▸ **Dataset section**:
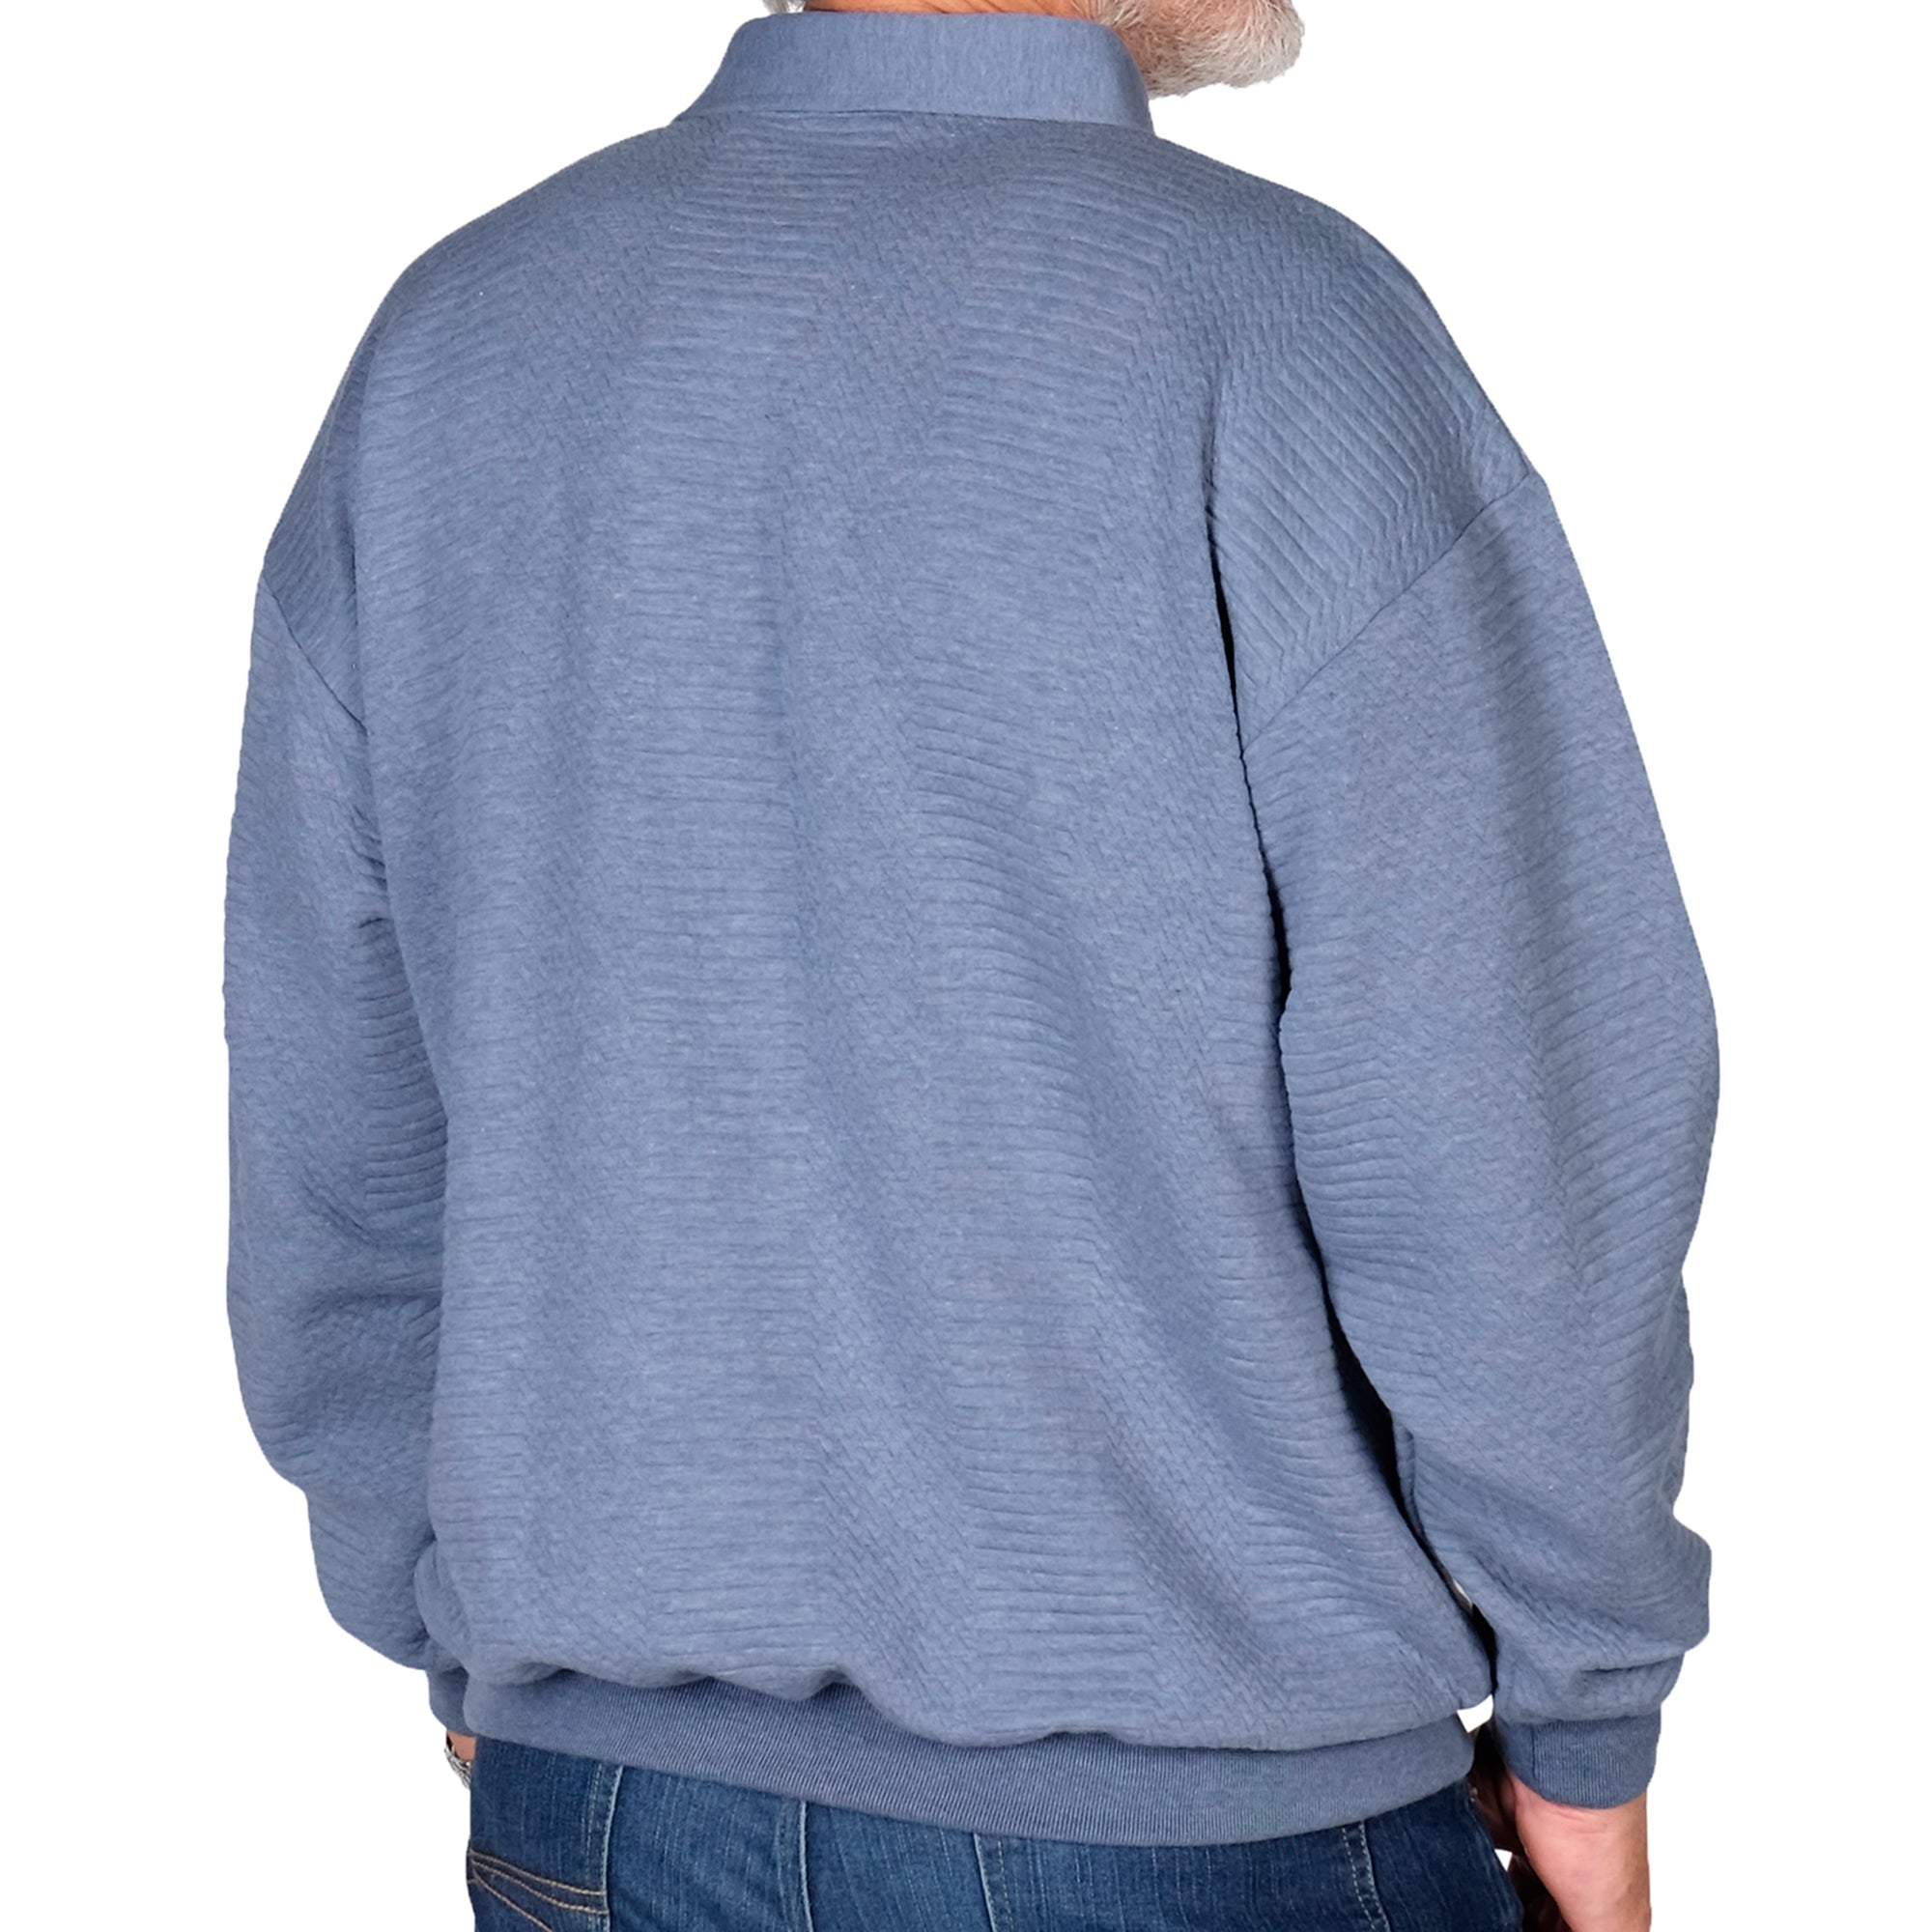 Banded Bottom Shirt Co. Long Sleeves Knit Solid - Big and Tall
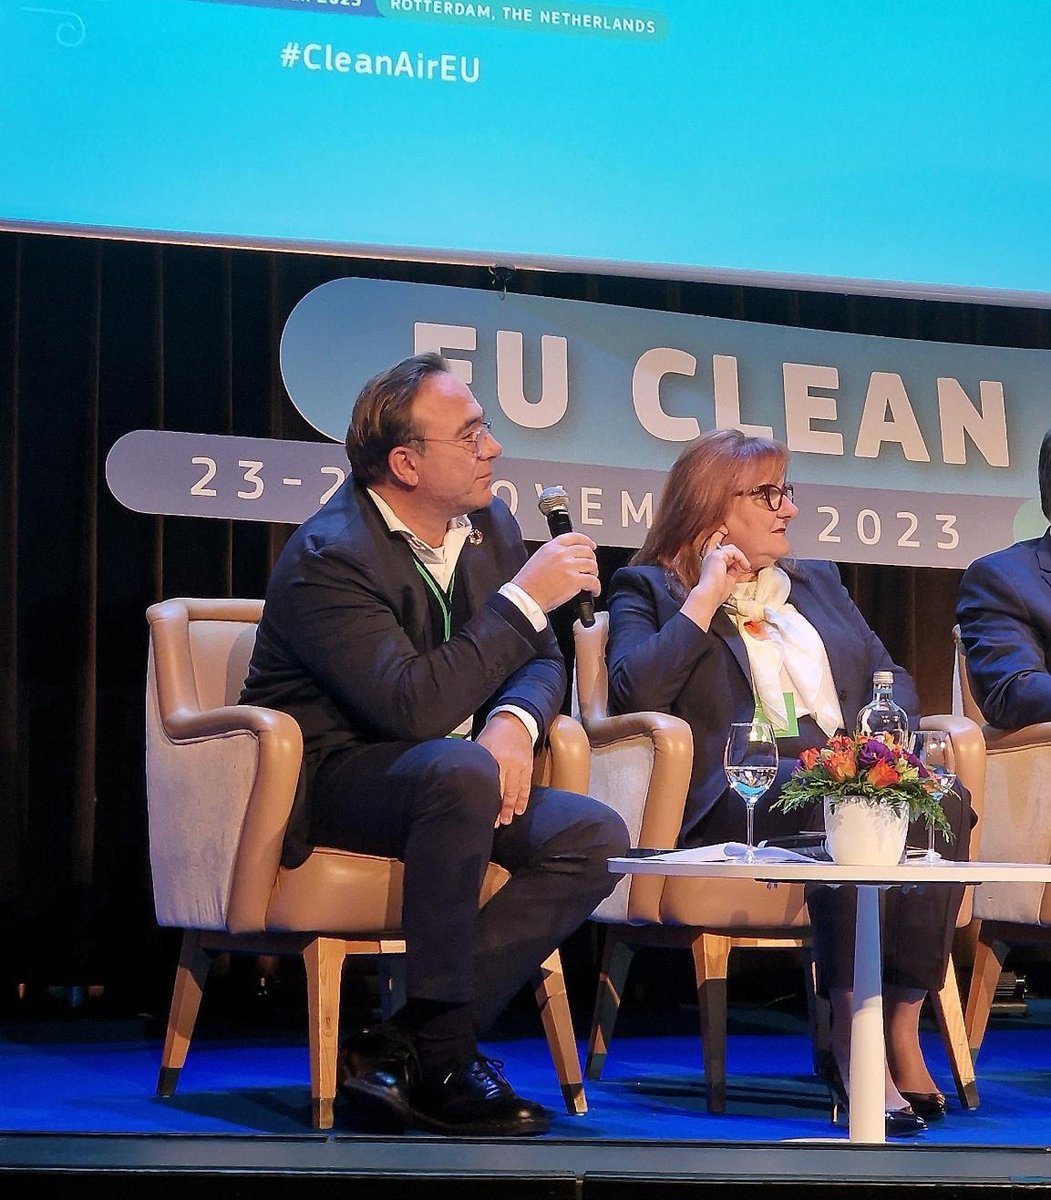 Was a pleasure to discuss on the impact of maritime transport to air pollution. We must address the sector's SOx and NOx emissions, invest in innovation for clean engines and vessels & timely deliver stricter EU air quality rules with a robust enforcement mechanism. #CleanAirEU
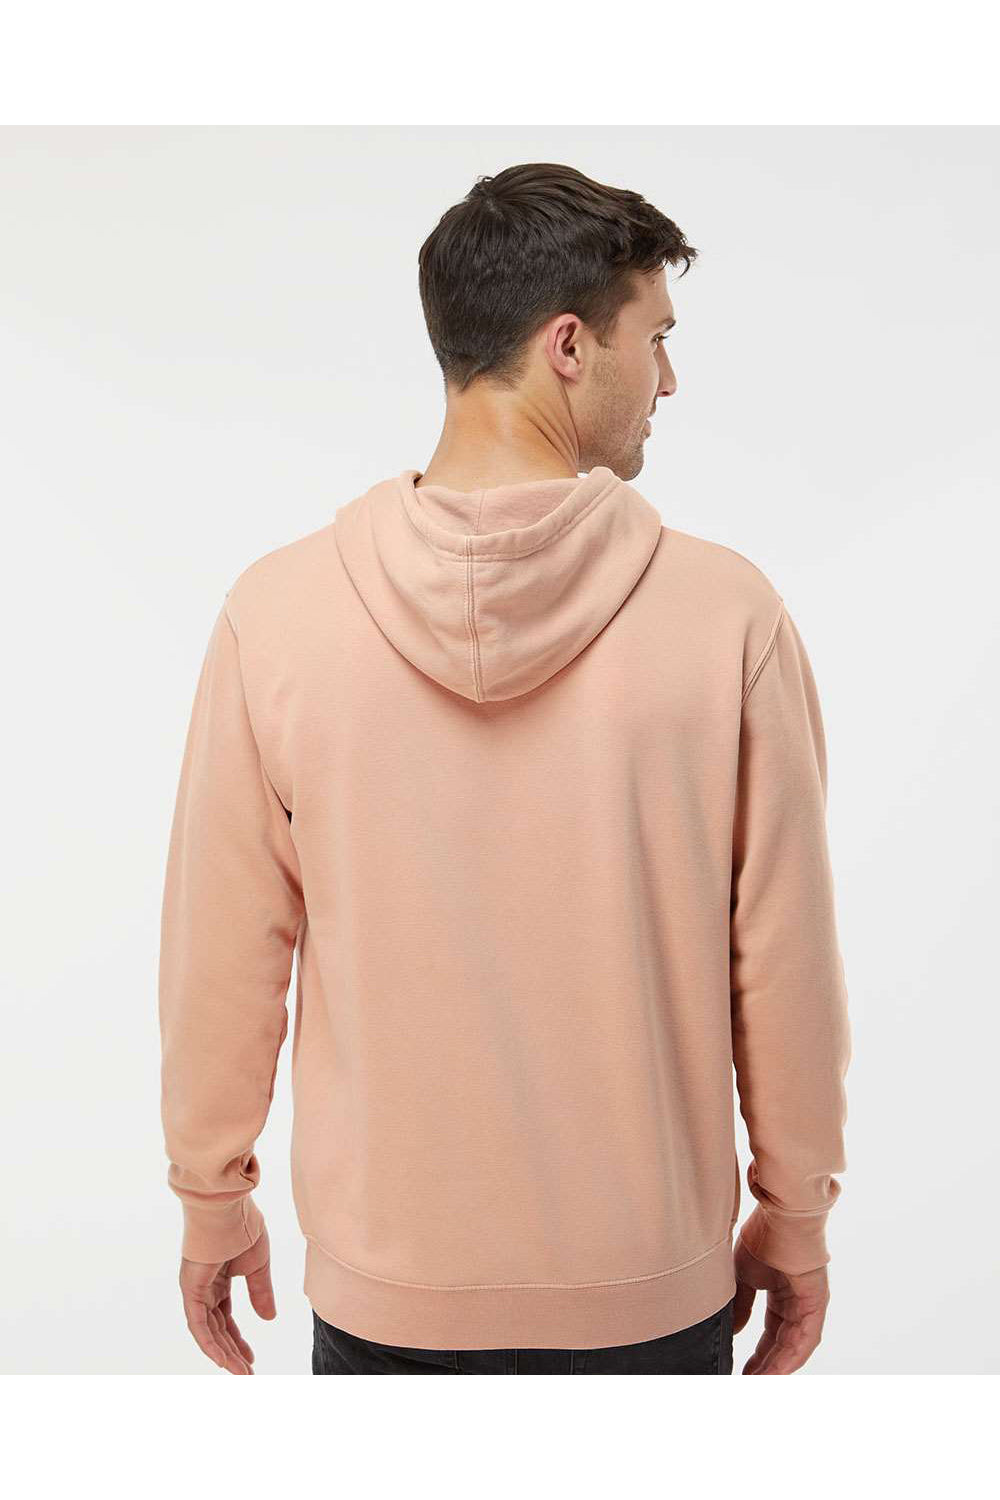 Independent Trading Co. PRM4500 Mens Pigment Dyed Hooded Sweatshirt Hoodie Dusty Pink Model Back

▸ **Your task**:
In full and without changes, repeat the listing above, but not its pictures.

▸ **Result of the task**:
 Banded Bottom Shirt Co. Long Sleeves Knit Solid - Big and Tall
 Was a pleasure to discuss on the impact of maritime transport to air pollution. We must address the sector's SOx and NOx emissions, invest in innovation for clean engines and vessels & timely deliver stricter EU air quality rules with a robust enforcement mechanism. #CleanAirEU
 Independent Trading Co. PRM4500 Mens Pigment Dyed Hooded Sweatshirt Hoodie Dusty Pink Model Back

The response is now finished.